2017年の文在寅大統領の非正規職ゼロ宣言以後、公共病院でもない民間病院での『非正規職ゼロ』宣言は初めての出来事だ。公共病院でも非正規職の正規職転換の過程で、財政負担を感じた経営陣と既存の正規職の反対によって相当な葛藤が発生したことがあって、このような葛藤が極に達したいわゆる『仁川国際空港事態』で、公共機関長でさえ『直雇用正規職転換』を回避する状況で、緑色病院の宣言は格別な意味がある。社会が指向してきた方向と原則を改めて示しているからだ。
彼は大層な説明の代わりに、「するべきことをしただけだ」と答えた。
「財政? どうしても(正規職に転換されれば財政負担が)若干増えて、毎年引き上げられるから負担がないことはありません。しかし、そのためにしないというのはダメです。
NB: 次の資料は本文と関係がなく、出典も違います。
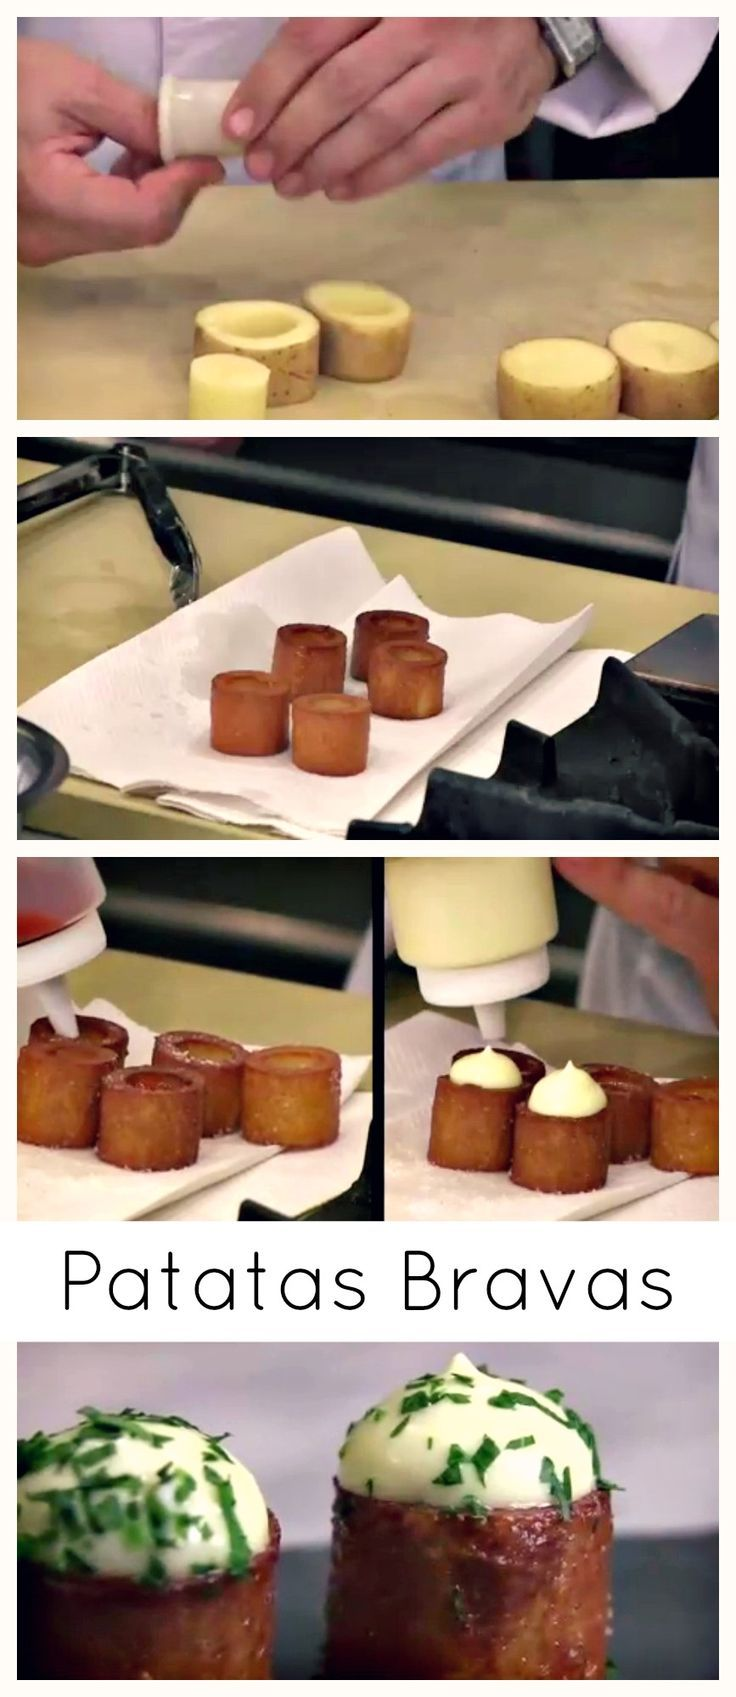 #Patatas Bravas: How To Make The #Spanish Classic #AppetizerFood:

それが負担になると。(緑色病院の経営事情が苦しかった)過去には、そのように考えることもできなかったでしょう。ただし、財政が少し安定すれば、当然すべきことをしたのです。・・・・労働の両極化、差別がひどいじゃないですか。それをどうにか解消しなければなりません。それは結局、企業がすべきことで。それが社会に対する貢献です。私たちはそれができないのが申し訳なかったんです。」
貴賎はない
彼は病院の労働者それぞれの業務に、尊さや賤しさはないと強調した。
『療養保護師の業務を他の病院よりも一層重要に思うから、正規職に転換したのではないか』という質問に、彼は「ある仕事は重要で、ある仕事はあまり重要でないとは考えない。それぞれの役割が分けられているだけ。」「各自の専門的な役割が有機的に上手く結合できるように助けるのが、病院の役割」と話した。
「療養保護師には療養保護師の役割があり、医師には医師の役割が、看護師には看護師の役割があるだけです。
2021年7月15日、緑色病院7階のリハビリセンターの様子/民衆の声
一緒に生きること
療養保護師を正規職に転換するのに、緑色病院だからといっても職員の心配が全くなかったわけではない。
イム病院長は「憂慮と心配事がないことはなかった」として、これまでは外注業者が処理していたことを、婦長と看護師長が一手に引き受けなければならないので、業務の負担の増加は避けられなかったと話した。
しかし『療養保護師を正規職に転換すれば、既存の正規職のパイが減るしかない』といった反対はなかったと、彼は強調した。
この間、政府の政策による公共部門の非正規職の正規職転換が行われる過程で、このような誤解から始まった反対が、労々葛藤に繋がった。非正規職が正規職に転換されても、処遇の改善には委託業者に渡る純利益などが使われるので、既存の正規職の賃金や席を奪い取るものではない。しかし、それでも非正規職が大挙正規職になれば、パイを奪われるかも知れないという心配が拡がった。また、非正規職が直雇用で転換されても、一般の正規職とは職列自体が違う正規職・無期契約職として管理されるので、頑張ってやっと公社・公団に入社した20・30代の努力を傷つけることはないのに、公正性を破るという主張が横行した。
彼は「病院が指向する基本的な価値を職員が知っている」とし、緑色病院では、歪曲された理屈で非正規職の正規職転換に反対することはなかったと話した。
それと共に、非正規職の雇用不安を解消し、処遇改善の機会を保障するための『非正規職の正規職転換』に反対するために、一角で主張される『公正性の論議』に対して、次のように一言言った。「共に生きることが、公正に生きることです。」
最後に彼は「より良い世の中のためには連帯が必要だ」と強調した。
「今、労働者が連帯しなければ、もう少し良い世の中は作れません。労働者が手を差し出して、互いに抱き合わなければ、答はないと思います。」